VR Far from the Only Player in The Game


Amusement Expo International organizers made a massive mistake in planning this year’s virtual reality Education track: they mislabeled it. The back-to-back, 8:30 a.m. to 5 p.m. sessions were more of a bootcamp, dealing with far more than just VR and delving into the most relevant issues in location-based entertainment with some of the most forward-thinking thought leaders in the industry today. Though VR was far from the only focus of the sessions, pioneering technology and its myriad, unfound uses kept speakers and attendees both engaged.

Microsoft’s Ishita Kapur, Zero Latency’s Tim Ruse and Scott Vandonkelaar, HP’s Joanna Popper and Kevin Williams take the stage to talk tech.

Longtime anti-Luddite Bob Cooney led the seminars, mentioning early on that he decided to forego breaks to jam as much content in as possible. Alexis Macklin from Greenlight Insights, a research firm dedicated to the emerging market, kicked off the sessions with a detailed, data-driven session on the industry today. Attendees quickly saw that VR was far from the only tech stack finding its way into the amusement industry. Following seminars jumped from assessing quality core loops in game design to whatever xR is (basically the moniker covering mixed, augmented, virtual and any other coming reality changing tech.)

Macklin’s seminar elucidated a few key trends in the sophomore age of this new tech. Account closures peaked last year, following an explosion of new businesses in 2016 and ’17. A couple of big names fell out of the game last year as well, including IMAX, StarVR and VRZone in Japan. The tech is becoming easier and easier to implement, with massive changes coming down the pipeline that will make things cheaper, more accurate and more immersive. A lot of the talk revolved around discovering who your locations’ target consumers are, and how to implement that knowledge.
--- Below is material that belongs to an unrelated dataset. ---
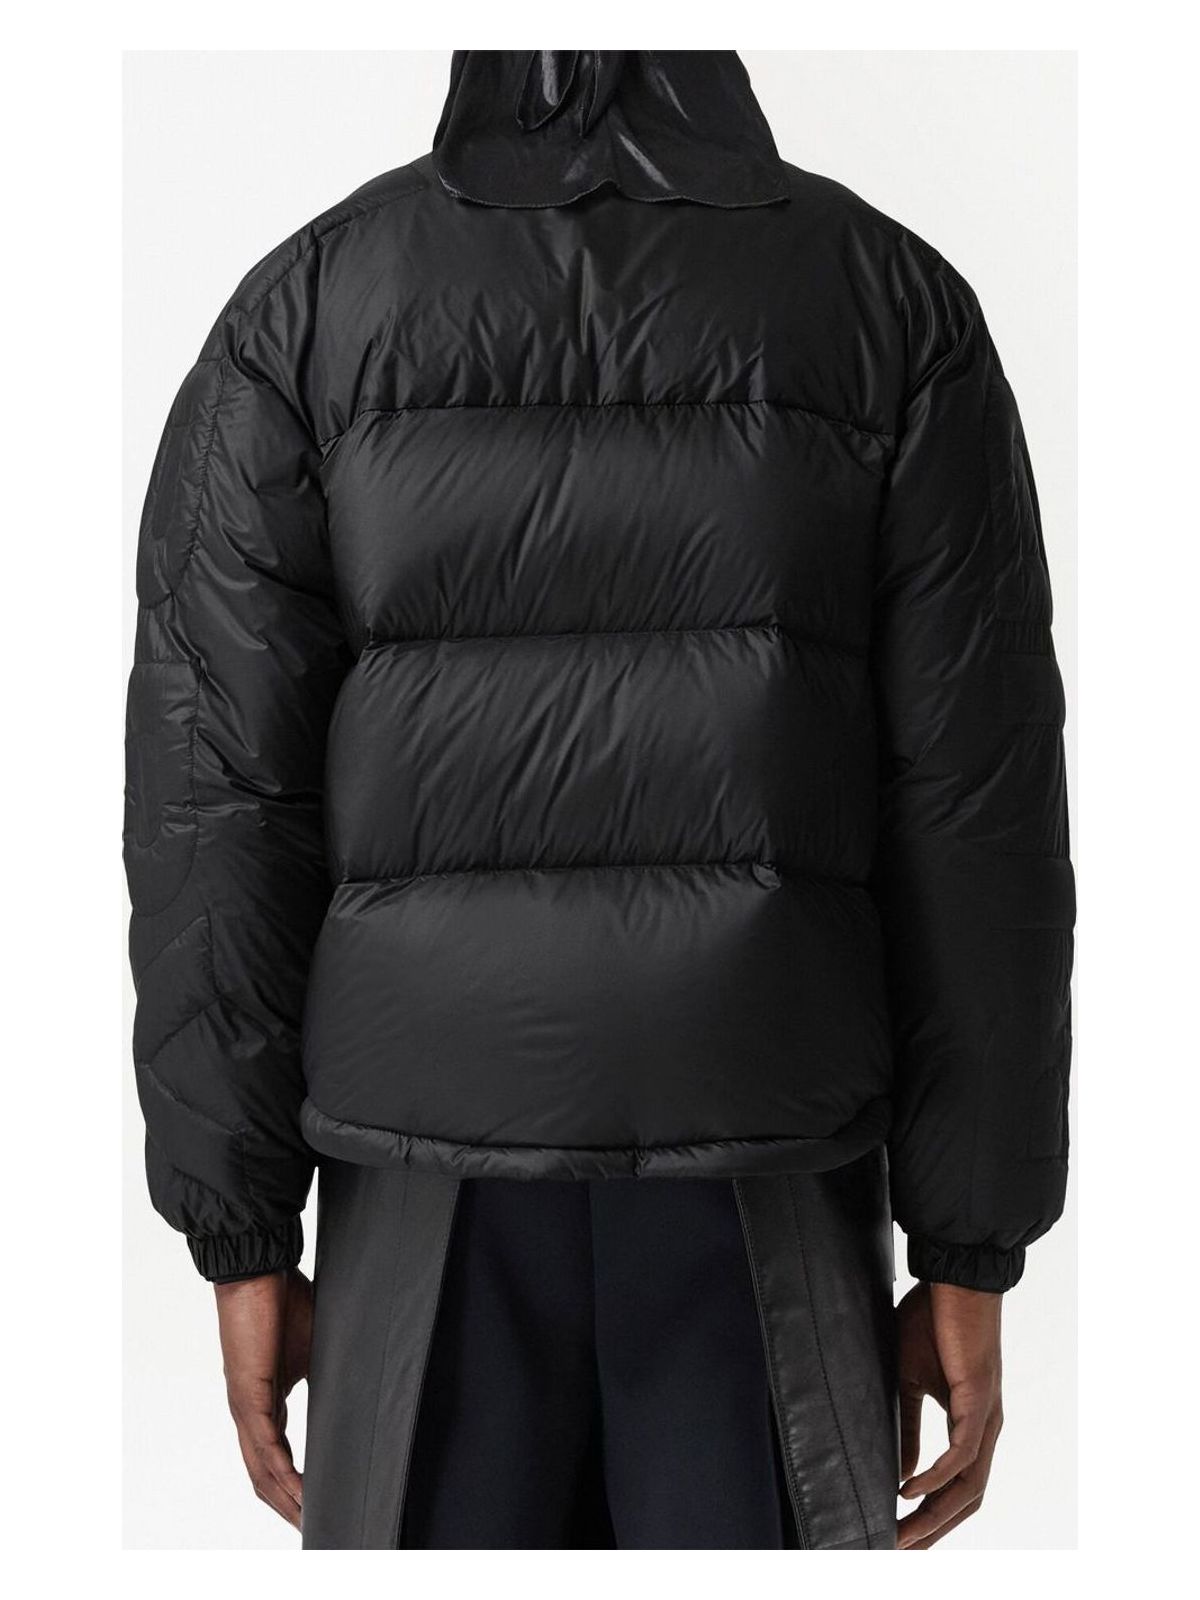 149058 BURBERRY QUILTED NYLON PUFFER JACKET

Additionally, speaker after speaker emphasized that the tech, whether that’s VR or any of the others, should never be the focus of your marketing campaign.

“The people that started this industry were so enamored with the tech that they projected that to the audience, but the audience doesn’t really care about the VR, they want an experience,” Cooney said.

The day rolled through topic after topic, discussing eSports, Dave and Buster’s VR implementation, hygiene, impact on laser tag, immersive theaters and more. Representatives from Microsoft, HP and a litany of other big companies illustrated the importance and longevity of the tech. To many in this industry, it looks like history could repeat if the tech finds success, finding its way from out-of-home to consumer’s living rooms. But, luckily for those involved today, that reckoning is years out by the most optimistic (or pessimistic) assessments.

“A lot of what will become consumer and mainstream isn’t there yet,” said Microsoft’s AR/VR Content and Partnerships Lead Ishita Kapur. “Arcades will be where the public interacts with it, where it will be touched first.”